Jean-Michel Badiane

Personal information
- Full name: Jean-Michel Badiane
- Date of birth: 9 May 1983 (age 43)
- Place of birth: Paris, France
- Height: 6 ft 0 in (1.83 m)
- Position: Defender

Youth career
- 1992–1994: AS Neuville-sur-Oise
- 1994–2003: PSG

Senior career*
- Years: Team / Apps / (Gls)
- 2003–2006: PSG / 31 / (1)
- 2006–2009: Sedan / 47 / (3)
- 2010–2013: Paris FC / 52 / (2)

International career
- 2005–2006: France U21 / 7 / (0)

= Jean-Michel Badiane =

French footballer (born 1983)

Jean-Michel Badiane (born 9 May 1983) is a French football defender of Senegalese descent, last playing for Ligue 2 side CS Sedan Ardennes.

== Career ==
Jean-Michel Badiane spent three years at the INF Clairefontaine academy, between 1996 and 1999.

A Paris Saint-Germain player until the summer of 2006, Badiane was the third choice centre back for the Parisian side, and made his professional début on 21 August 2004 in a match against Nantes.

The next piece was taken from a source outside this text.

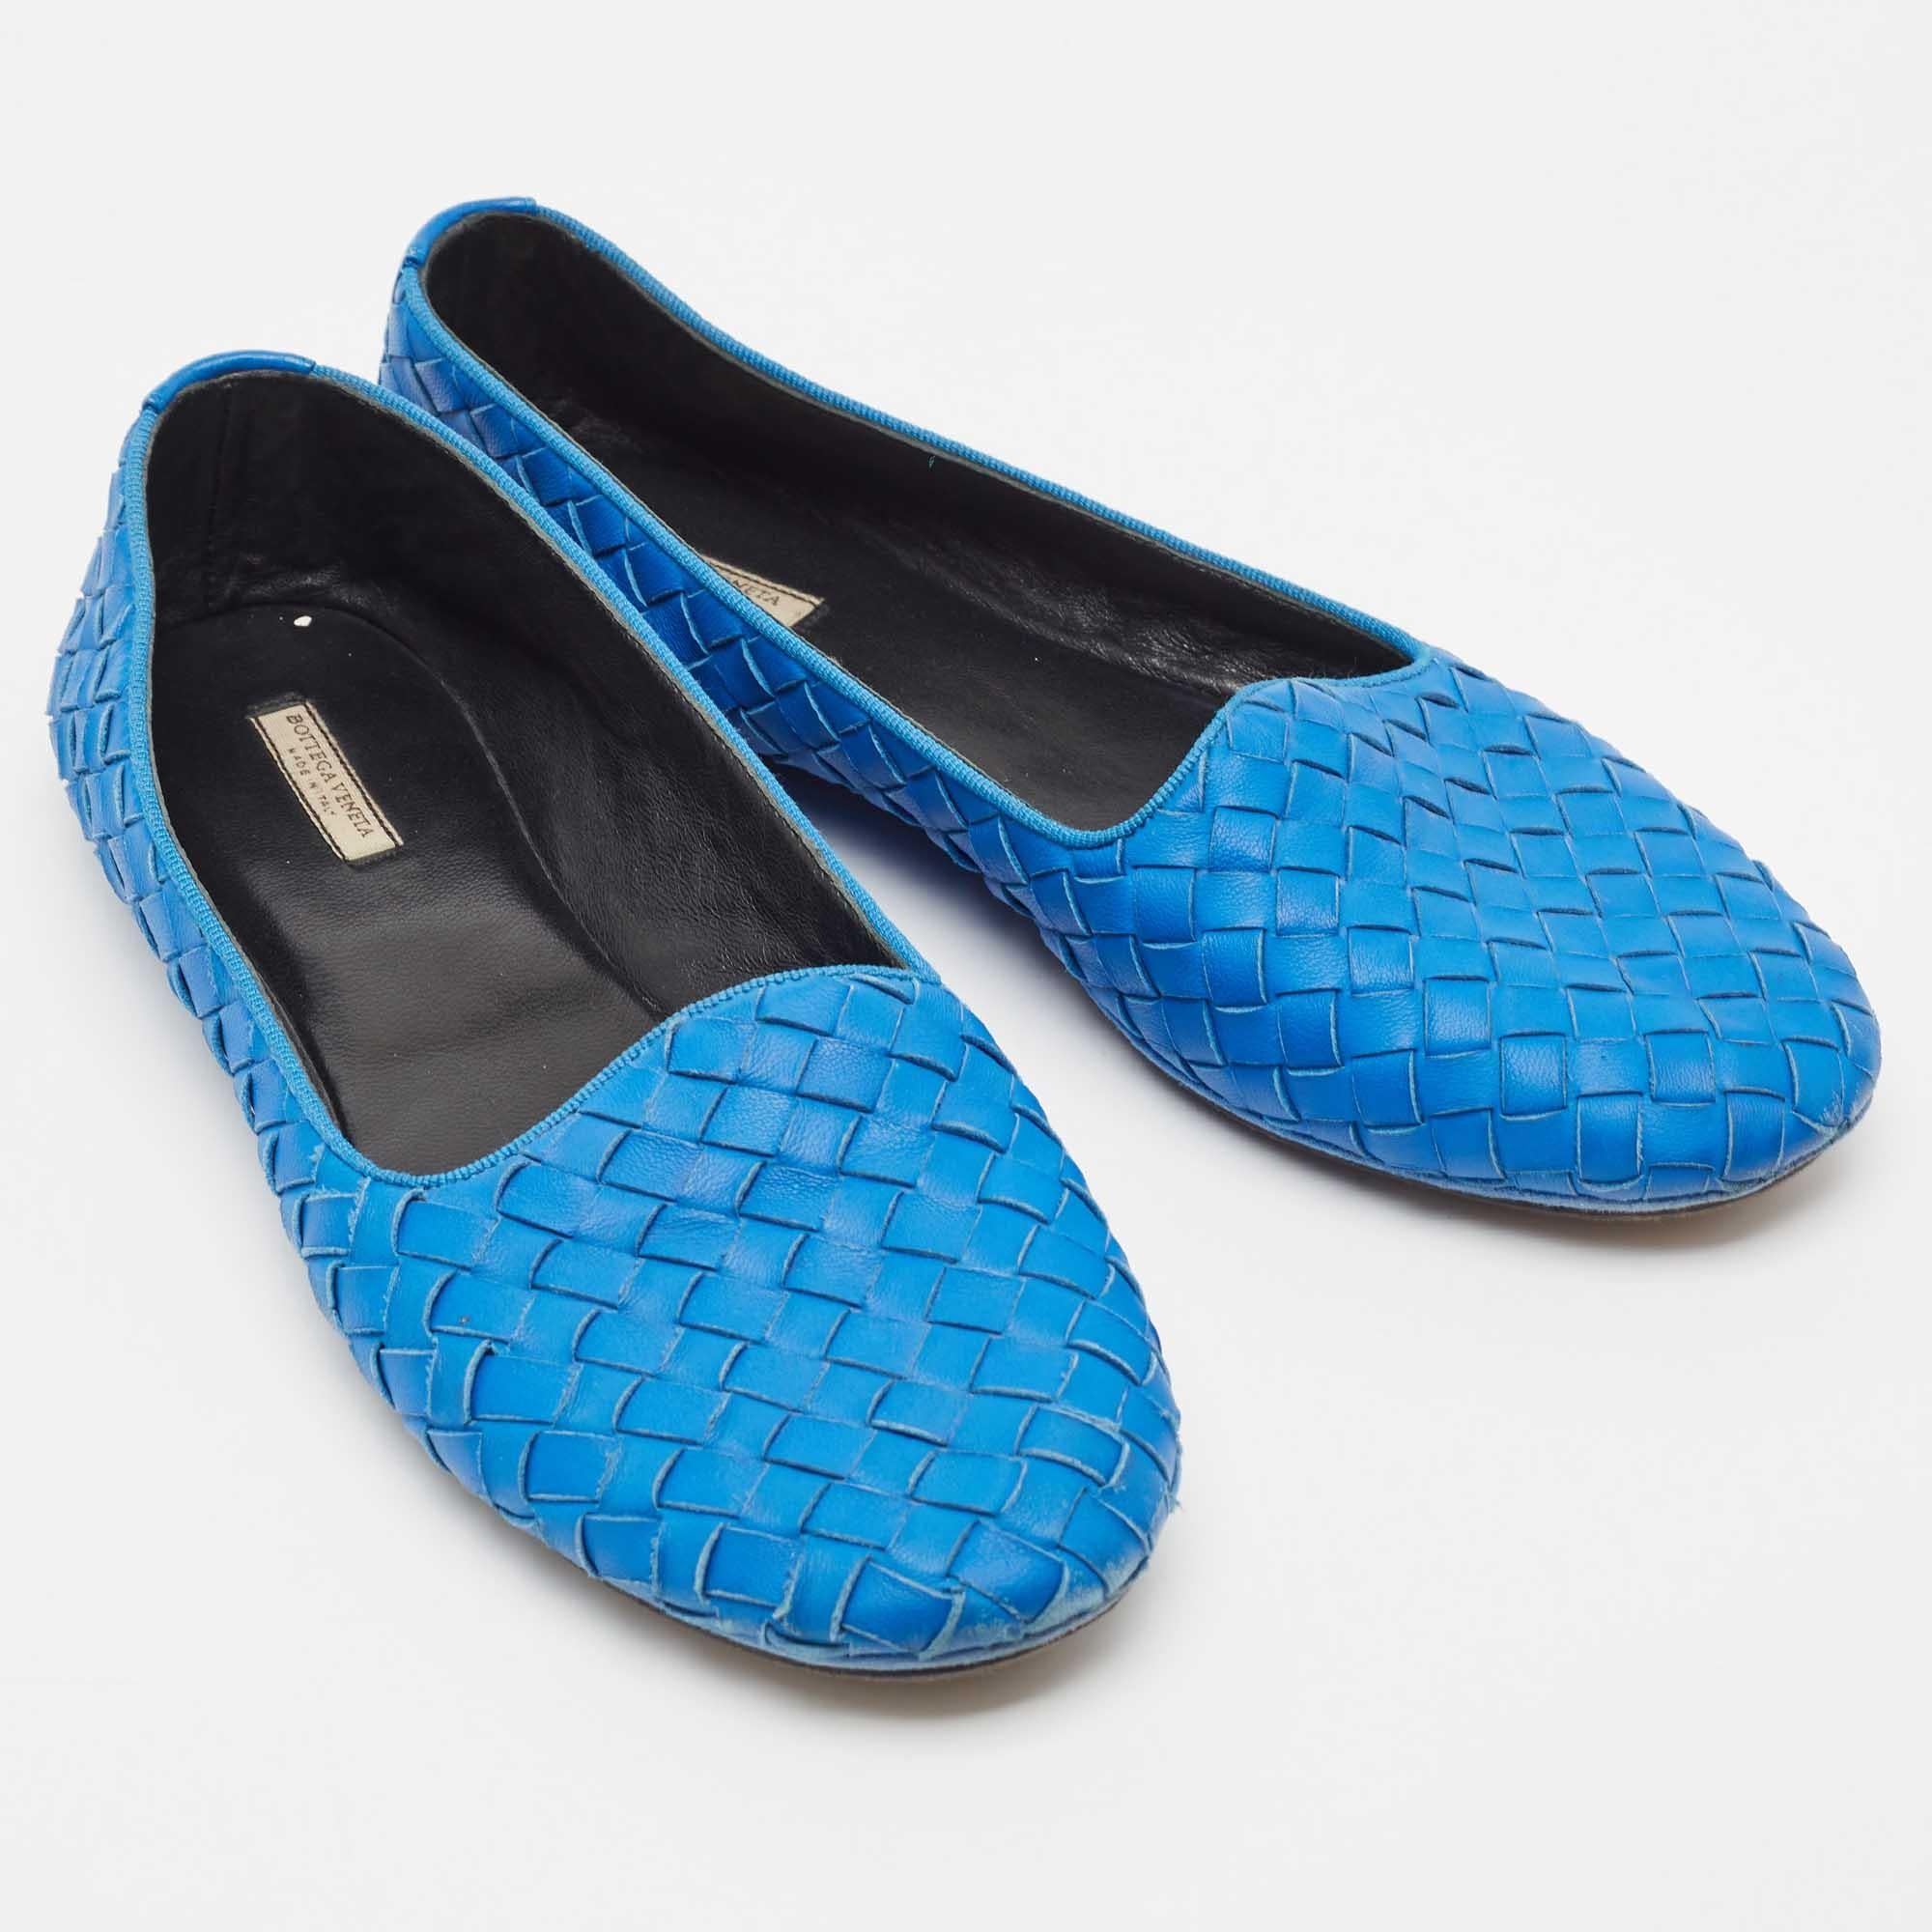 Bottega Veneta Blue Intrecciato Leather Smoking Slippers Size 37 In Good Condition For Sale In Dubai, Al Qouz 2

He signed his first professional contract with the club in 2004, having been with PSG since the age of 10 in the youth teams.

Badiane has represented France at under-15, under-17 and has been in the under-21 squad.

Badiane had trials with English Championship side Stoke City in the summer of 2007, seemingly to replace the outgoing captain Danny Higginbotham.

On 15 April 2009 the defender and CS Sedan Ardennes officials mutually agreed to terminate the player's contract, this season, Badiane has never been able to play due to recurrent knee injuries.